August 14th, 2014
Make Every Day a Training Day
As the busiest time of year descends upon us, many door and window fabricators are finding quality labor in short supply. Many of the jobs in a window factory are quite repetitious and the plant environments are hot and dusty which leads to boredom, exhaustion and eventually attrition. In many areas, keeping a drug free environment also means alarmingly high attrition rates. The random drug testing is administered and all of the sudden, employers find they have quite a few employees to replace. So with so much turnover and so many windows to make, employee training becomes a critical element to the success of a manufacturing operation.
For this reason, many of the window manufacturers I am visiting have hired or are in the process of designating someone as a full-time trainer. This is obviously someone who intimately knows all of the critical procedures and job functions performed at various stages in the door or window manufacturing operation, and this person must have extremely good people skills.
The trainer’s job goes beyond just teaching employees how to perform various job functions. He or she can also have a huge impact on employee morale and teamwork. By teaching employees how to work as a team, setting up goals and rewarding the teams for achieving daily and weekly production and quality goals, the trainer helps to minimize the attrition rate, improve output and maximize product quality. A key ability of a superior trainer is to make the individual feel a part of something much bigger. The trainer takes employees performing specific tasks and transcends their role from that of an individual role to that of a team function. The individual then identifies him or herself with a bigger picture as part of a production team, as opposed to someone just cleaning corners or installing lock sets. Employees so conditioned in this manner feel the satisfaction and camaraderie that goes along with being part of a successful production team.

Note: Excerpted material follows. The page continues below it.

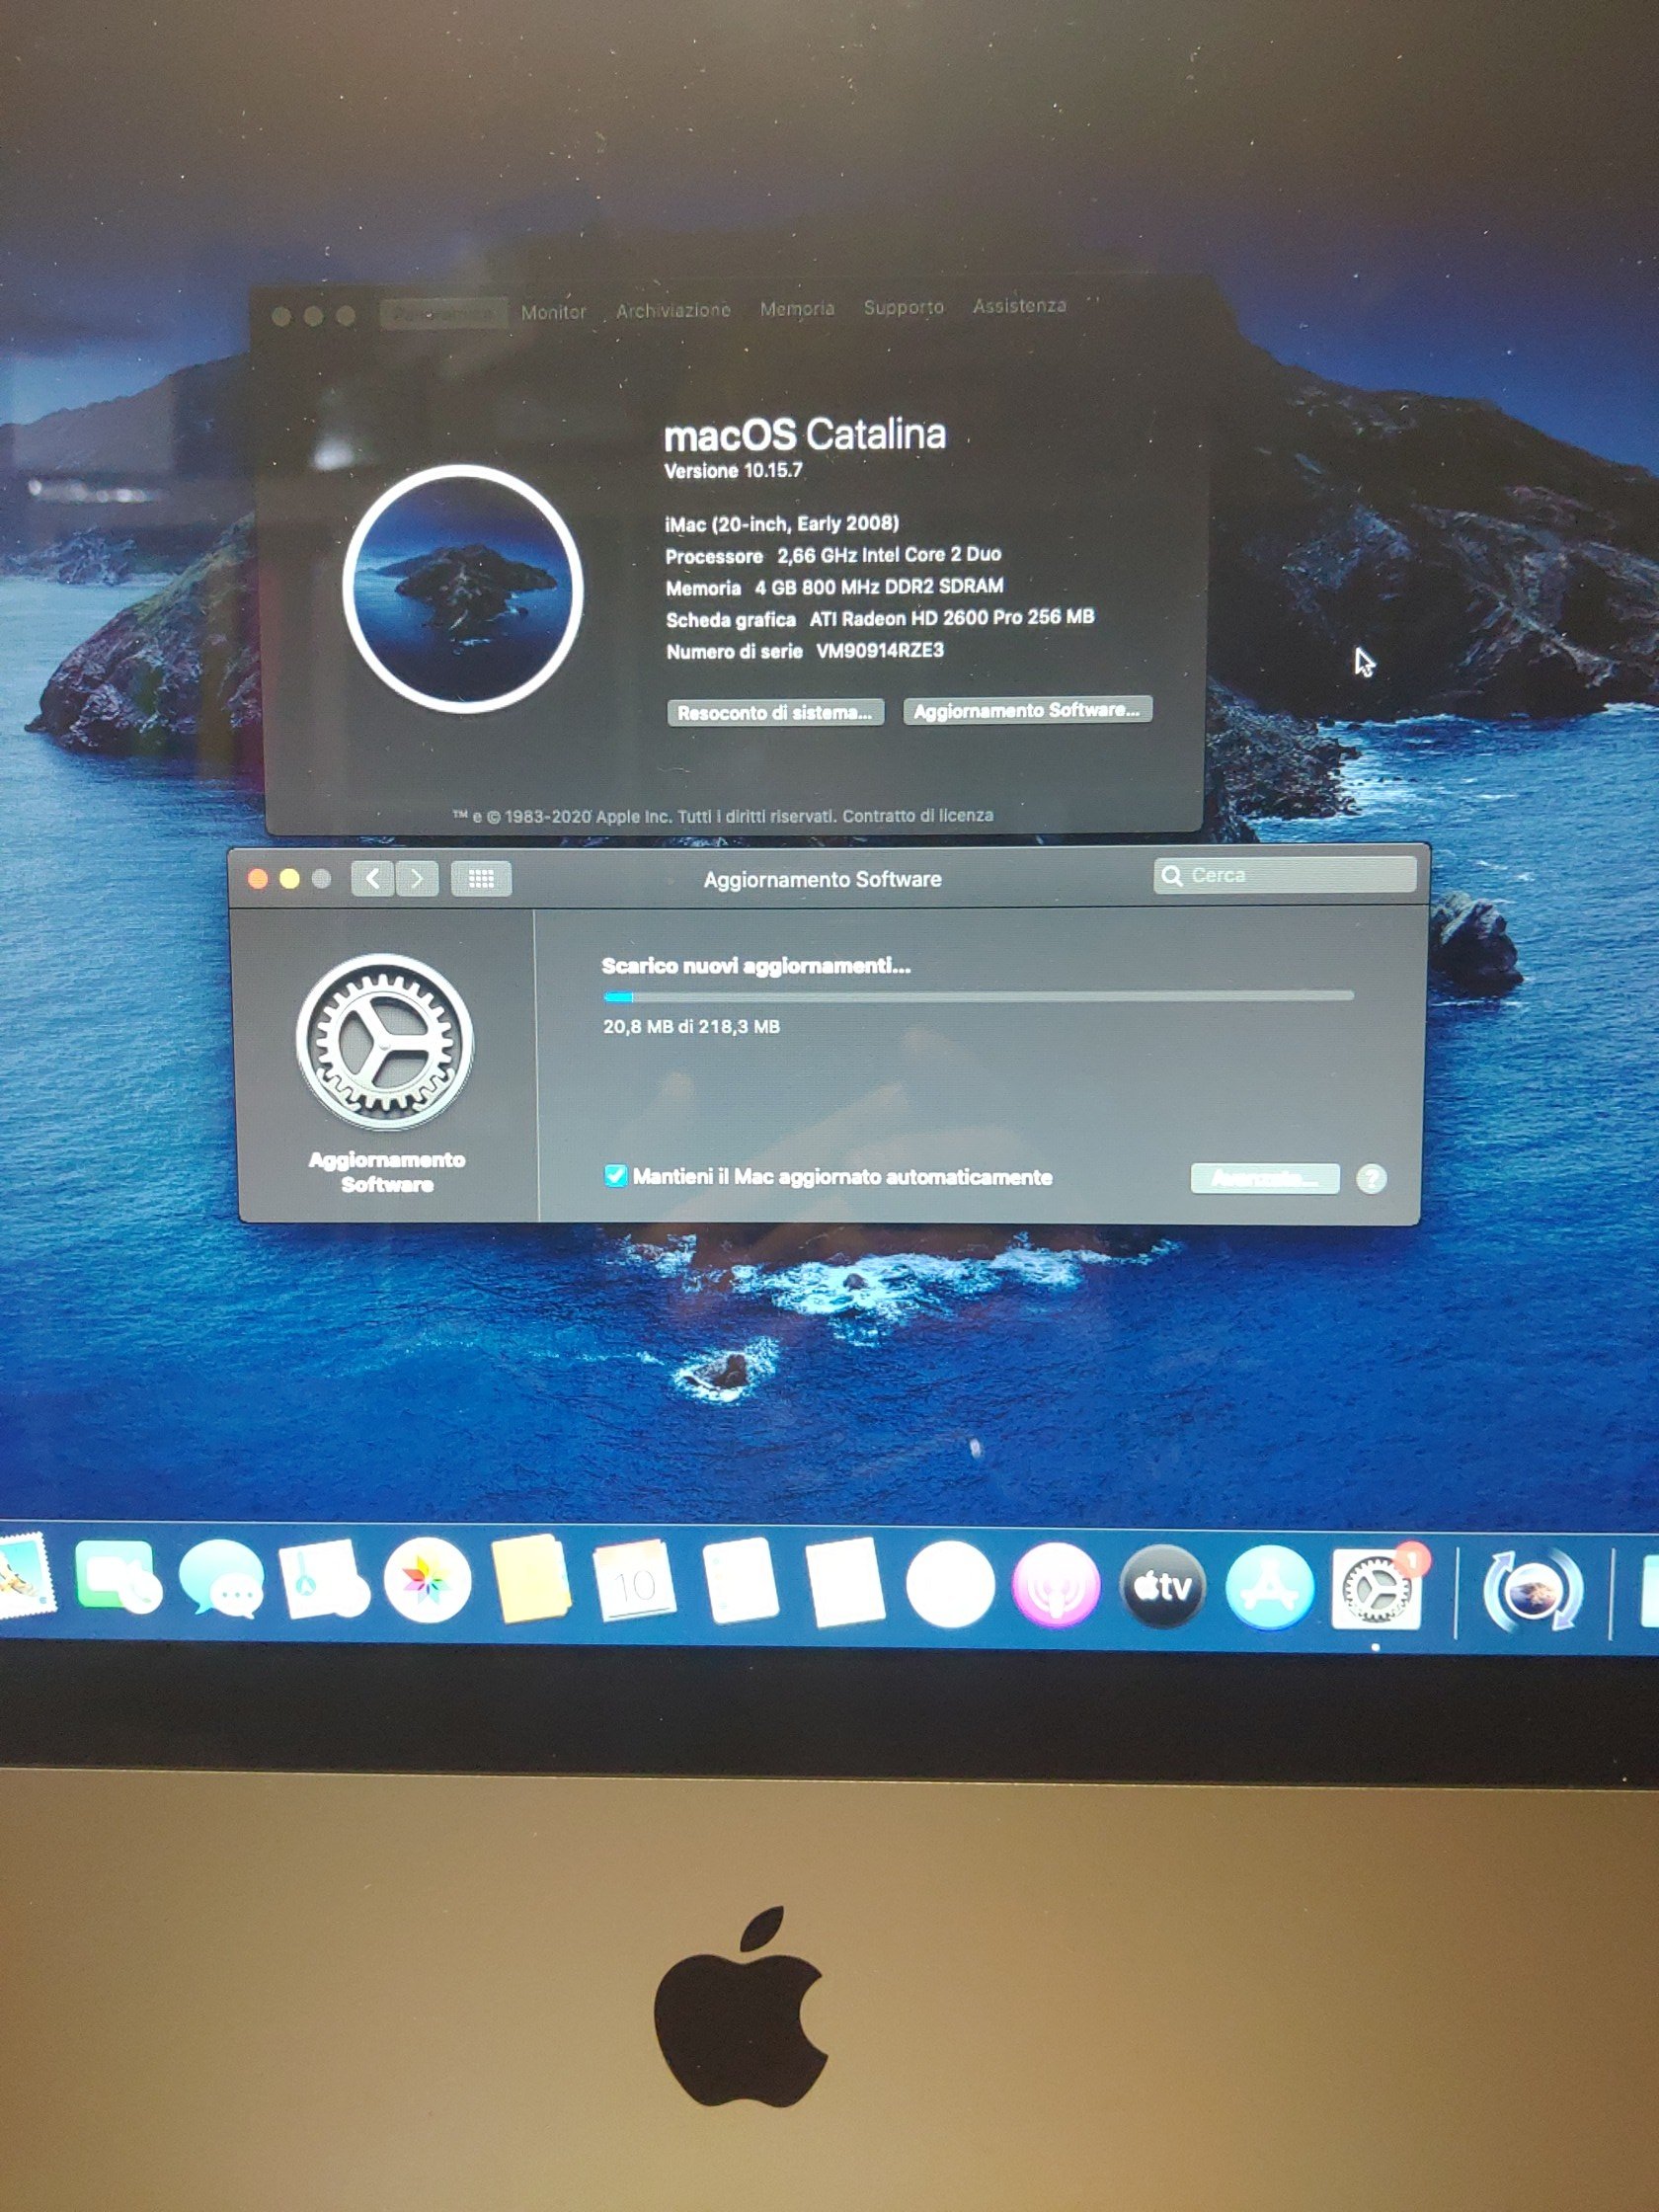 peppe on Twitter: "Mac OS Catalina on iMac 2008... Stay update Safari  https://t.co/oJAg9y4B6X" / Twitter

Working in a window plant in the hot summer months can be a very demanding job both from a physical and mental standpoint. “Many times when we bring employees in from a temp agency, some of them will be gone by noon,” says one production manager. “Many of today’s young people just do not have a strong work ethic,” he feels. But this same manager goes on to say that, “when we get them involved with their co-workers, forming production teams with goals and rewards, they are much more likely to stick around. It gives them a sense of being a part of something bigger!” This is where something as simple as company shirts or hats can also have a huge impact. Perhaps the IG line surpasses any previous daily production record. So the following week they are wearing new company hats. Something this simple can be a very powerful motivator since it builds team spirit, sets them apart and provides recognition for their accomplishments.
Cross training is also an extremely valuable concept, even though it is more difficult to pull off during the peak production months when units per hour must be maximized. However, in the long run it can pay valuable rewards. If one department is suddenly hit hard with absences, the production manager can pull people from other departments who have been cross trained for that department and can therefore help keep production rate and quality standards on track until the missing people come back or are replaced. Cross training is more easily achieved during the off peak months, but when sales and production quotas start heating up late fall, it can pay huge dividends.
Door and window plants present very challenging production environments. This is compounded by the fact that this is an extremely competitive industry, which tends to keep starting wage rates on the low end of the spectrum. However, by designating a highly skilled person with great people skills as a full-time production trainer, door and window companies can maintain and develop a highly skilled production team capable of supporting the sales team with high quality, cost-effective solutions for the company’s customer base. As one production manager put it, “It’s our people that make this company a winner!”